Former PM adviser says Camila Batmanghelidjh was the victim of a 'conspiracy'

Steve Hilton, an adviser to David Cameron when he was in Downing Street, tells The Sunday Times that the Kids Company founder was a 'poster child for the big society' and as such was attacked by the civil service and the media

Steve Hilton
Steve Hilton

Camila Batmanghelidjh, the founder and former chief executive of Kids Company, became a victim of attacks on the big society agenda that ultimately led to the closure of the charity, according to a former Number 10 adviser.

Steve Hilton, who was an adviser to David Cameron when he was Prime Minister and who is credited with coming up with the big society agenda, made the comments as part of an interview with Batmanghelidjh [subscription required], published in The Sunday Times newspaper yesterday.

Hilton said he felt that Batmanghelidjh had been treated unfairly by sections of the civil service and the media, which contributed to the charity’s demise.

"She was seen as a poster child for the big society," he said. "And that was a conscious decision on our part. As a result, she became a victim of attacks on the big society from the civil service and the media.

"I do think there was a conspiracy.
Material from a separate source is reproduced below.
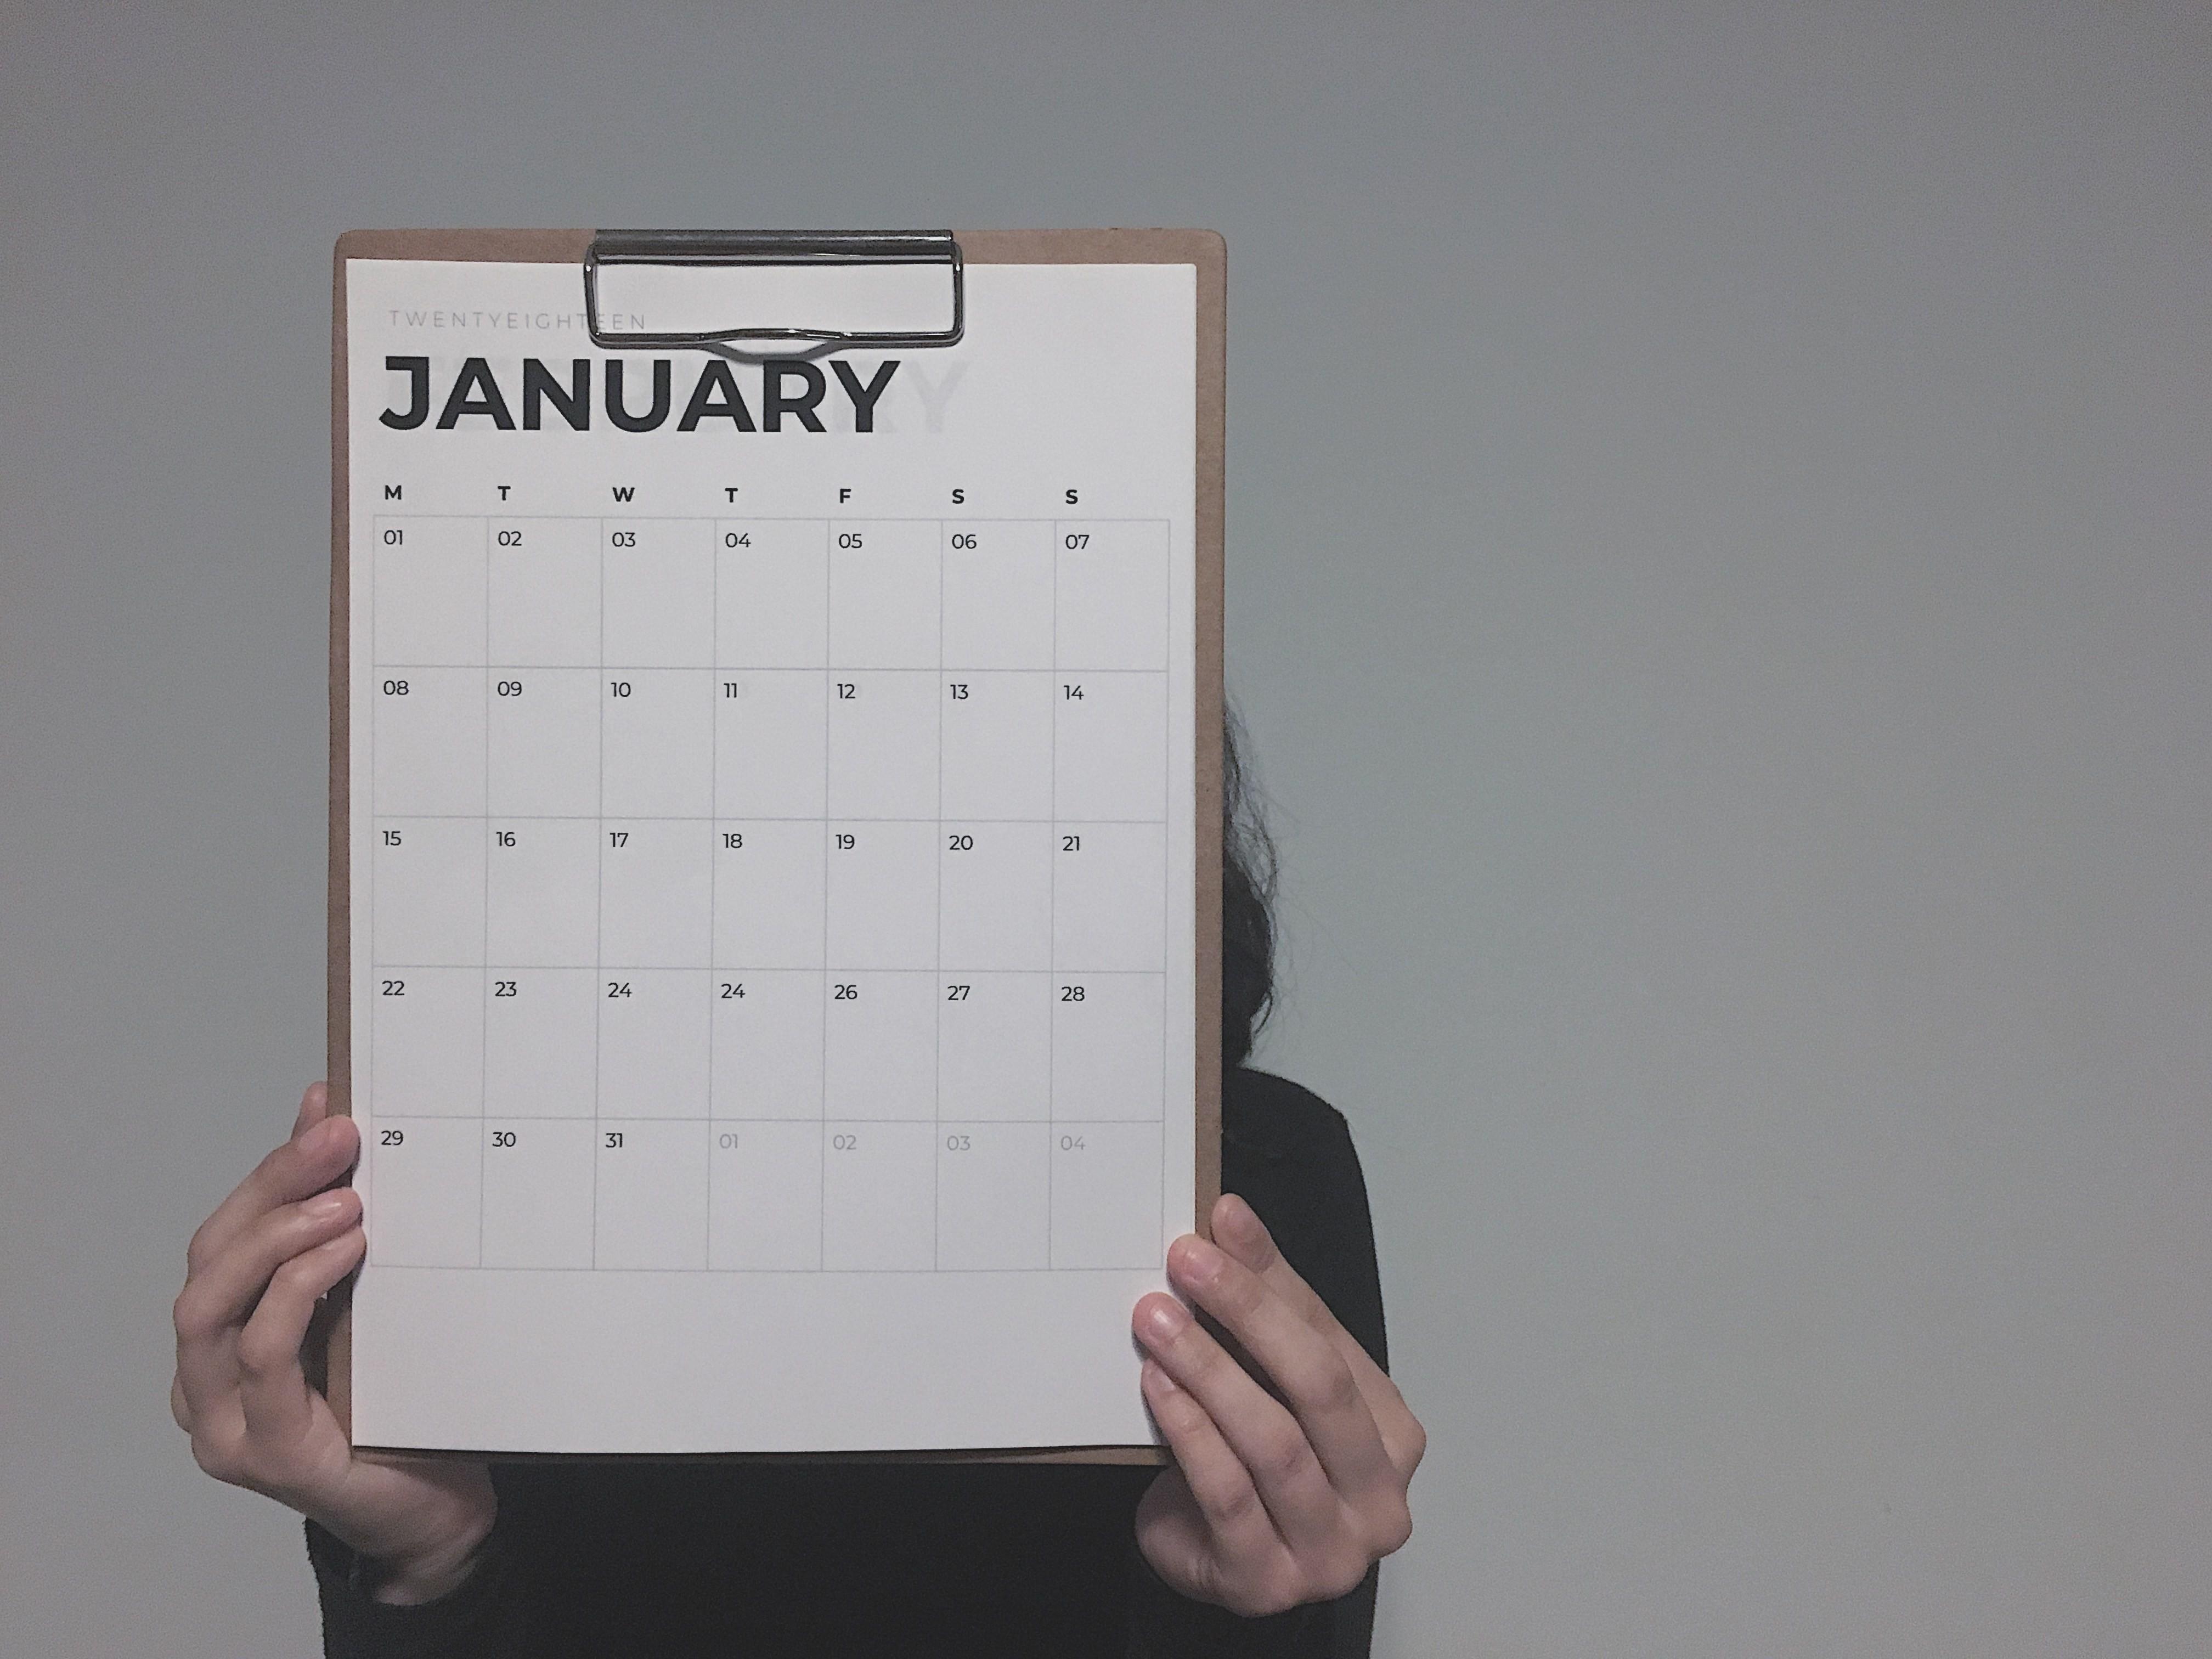 Calendario Imprimir Minimalista Más Caliente Calendário 2018 Minimalista Para Imprimir – Viva Sustentável Of Calendario Imprimir Minimalista Más Caliente July Wallpaper Calendar & Quote Tarjetas Pinterest

Not an organised one, but among parts of the establishment that she threatened."

In the article, Batmanghelidjh reiterated her view that there was conspiracy to bring her down and refused to take any blame for the charity’s demise.

She said she would not apologise for spending the charity’s money on "buying the kids nice things".

"You can’t have a consumer society driven by brands and say that these children can’t have it," she said. "In the ghetto, they rely on material goods for self-esteem."

Kids Company closed abruptly in 2015 amid allegations of financial mismanagement.

A report by the Public Administration and Constitutional Affairs Committee, which was published in February last year, raised concerns about the trustees’ ignoring of repeated warnings about the charity’s financial health, the suitability of its programmes and the behaviour of staff members.

It said trustees’ "negligent financial management" rendered the charity unable to survive when allegations of sexual abuse made last August caused several philanthropists to withdraw donations they had pledged.

A Metropolitan Police Service investigation found no evidence of abuse at the charity.

The Insolvency Service is pursuing disqualification proceedings against Batmanghelidjh and the former trustees of Kids Company.

The trustees issued a statement earlier this month that said they "wholly rejected" the allegation that they were running an unsustainable business model and would "robustly defend" the proceedings being brought against them.